28 milliards d'euros de fraude fiscale en Grèce

Par Robert Jules  |   |  449  mots
Des consommateurs attendent devant la compagnie d'électricité grecque pour demander à ce que le courant ne soit pas coupé à leur domicile. A la fin de l'année dernière, le gouvernement de Lucas Papademos voulait établir une taxe spéciale en fonction de la consommation électrique pour lutter contre l'évasion fiscale. Copyright Reuters
28 milliards d'euros, c'est le montant de la fraude fiscale en Grèce en 2009, selon trois chercheurs. Pour cette année-là, cela représentait 31% du déficit public. Ce sont surtout les professions libérales qui sont impliquées.

On savait que l'évasion fiscale était un sport national en Grèce, pratiqué surtout par les professions libérales, et du moins avant 2010, lorsqu'ont été appliqués les plans de rigueur en échange de l'aide financière de l'Europe et du Fonds monétaire international (FMI).

La gageure était de fournir une estimation tant les données sont difficiles à établir. Trois chercheurs - Nikolaos T. Artavanis de l'Institut polytechnique de Virgnie, Adair Morse et Margarita Tsoutsoura de l'Université de Chicago - sont arrivés dans la conclusion de leur étude intitulée "Tax Evasion Across Industries: Soft Credit Evidence from Greece" au chiffre de 28 milliards d'euros pour l'année 2009.

Pour établir leur estimation, les trois chercheurs ont pris les données des clients d'une grande banque grecque, en particulier l'utilisation de la carte de crédit et les emprunts qu'ils ont contractés entre 2003 et 2010. Premier enseignement, les montants empruntés, notamment par les clients relevant de professions libérales, n'ont que peu de rapport avec le niveau des revenus déclarés. En moyenne, les chercheurs constatent que les remboursements de crédits correspondent en moyenne à 82% de leurs revenus déclarés. Encore plus remarquable, avocats et médecins consacrent plus de 100% de leurs revenus à rembourser leurs prêts.

Une telle anomalie ne semble avoir ému personne. En se basant sur ces résultats, les chercheurs ont établi un modèle pour faire une projection au niveau national, en particulier en considérant l'hypothèse qu'un tiers des revenus est consacré aux remboursements des emprunts.
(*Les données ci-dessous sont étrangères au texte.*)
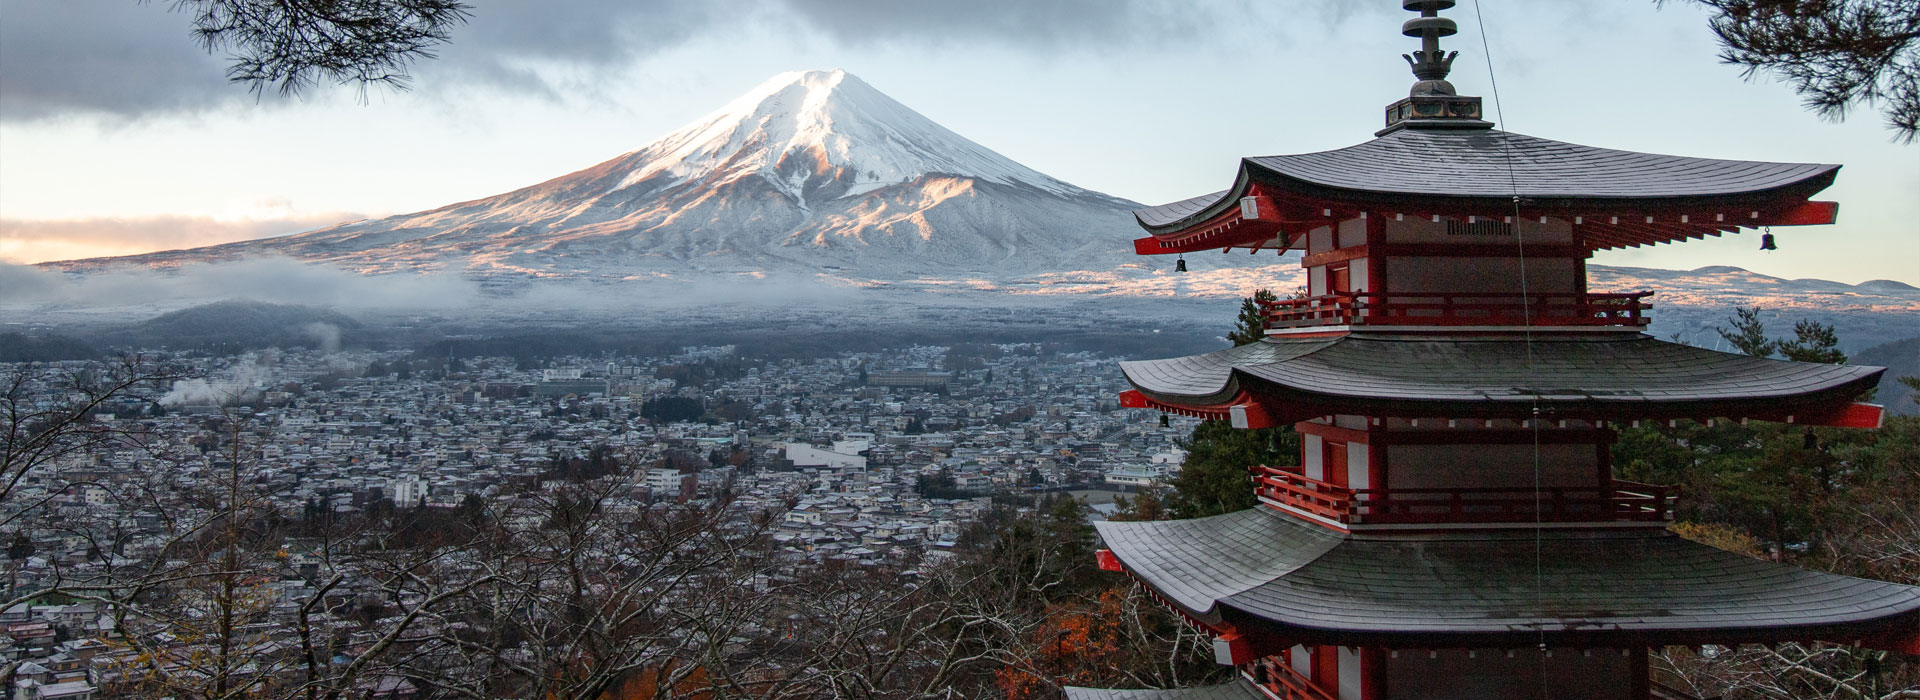 Japan: Religious Studies
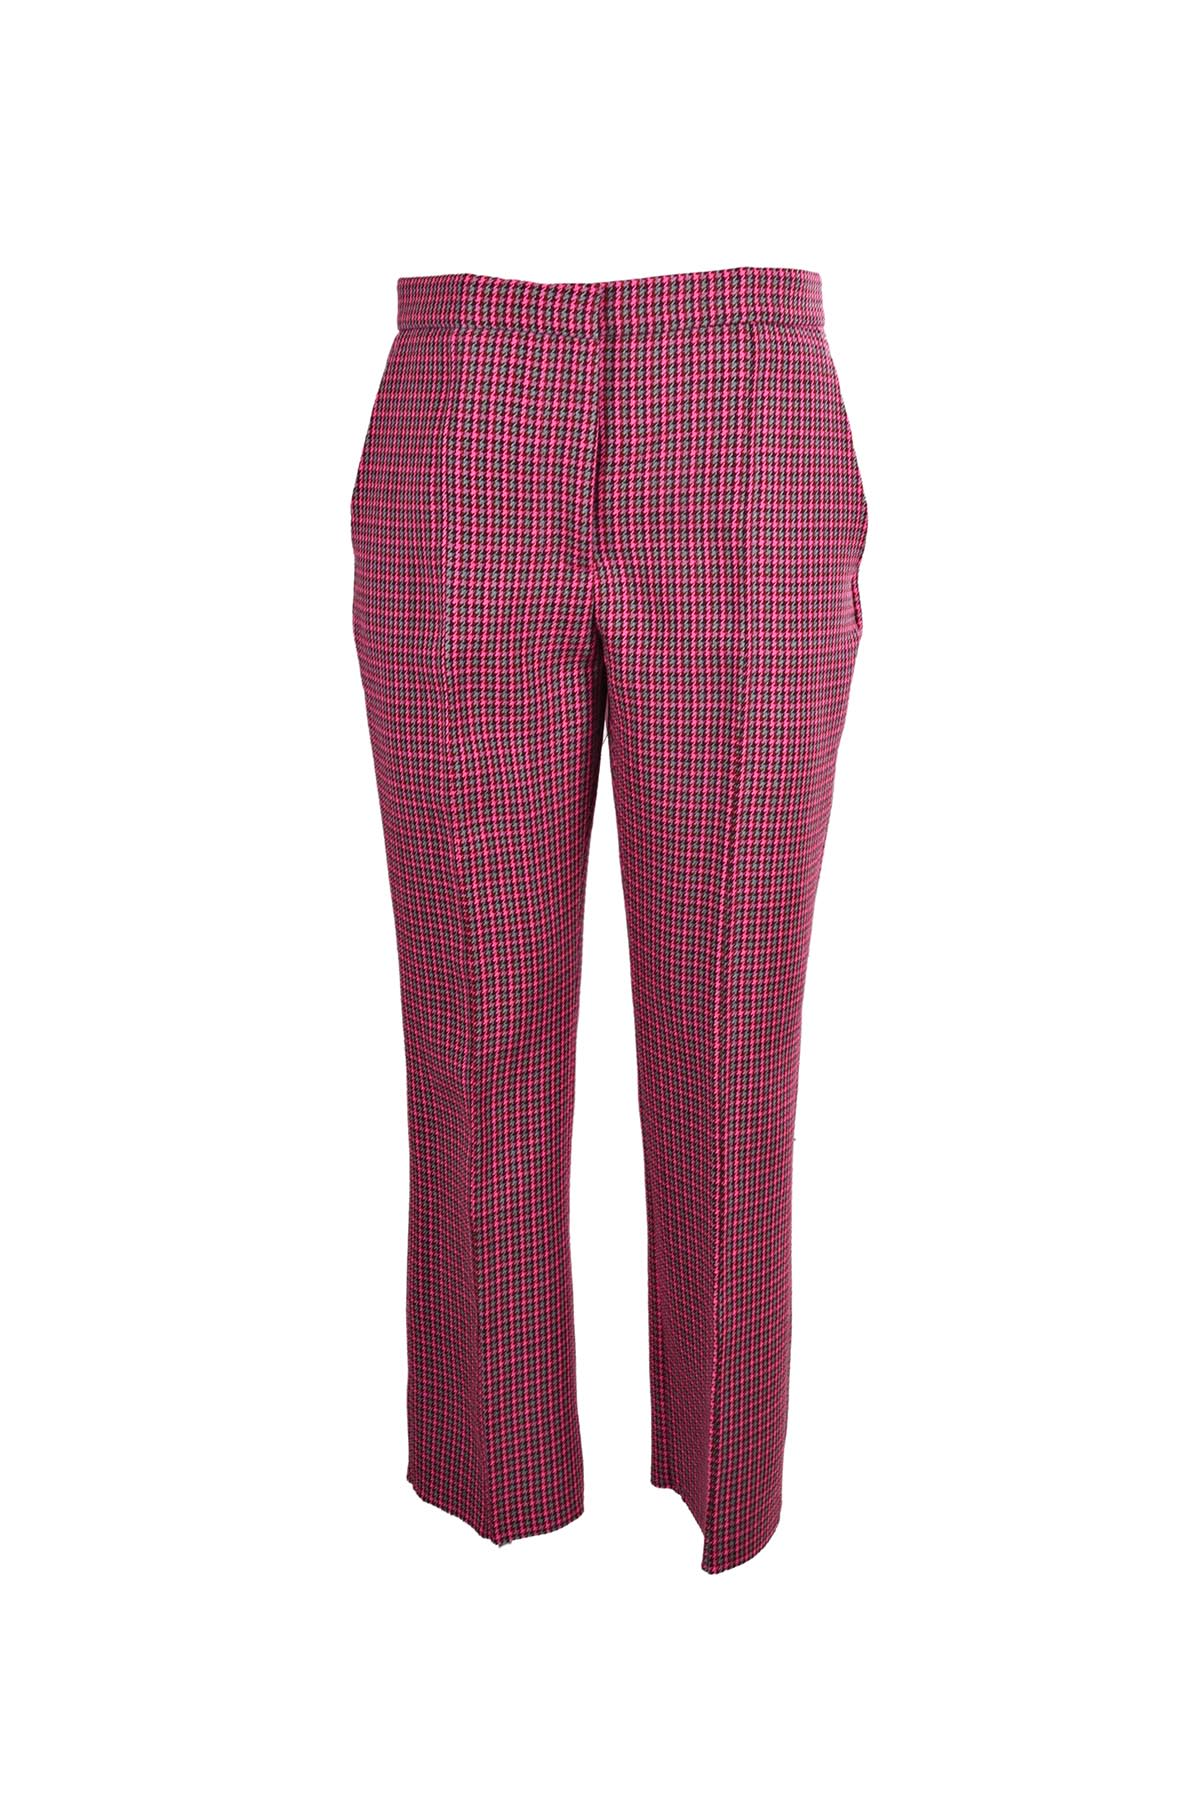 MSGM Check Pants

C'est ainsi qu'ils arrivent au chiffre de 26 milliards d'euros en 2009, ce qui représentait 31% du déficit public.

L'un des problèmes qu'aura mis au jour, du moins pour les autres Européens, la crise est que la fraude fiscale, normalement considérée comme une faute est dans la république hellénique la norme.

L'intérêt de l'étude est de se pencher sur les catégories socio-professionnelles qui sont les plus actives dans la fraude : ce sont majoritairement les professions libérales : médecins, ingénieurs, comptables, avocats, professeurs particuliers.... En revanche, dans les secteurs qui nécessitent l'achat de biens intermédiaires pour leurs activités, induisant une traçabilité, la fraude est évidemment plus faible.

Enfin, un autre enseignement de l'étude est d'établir également que si les professions libérales fraudent sans être beaucoup inquiétées, c'est que leur corps fournit en large partie le personnel politique grec. Ce qui, selon les auteurs, pourrait expliquer que la lutte contre la fraude fiscale en Grèce est restée durant de longues années une vue de l'esprit, en vertu d'un clientélisme "normal".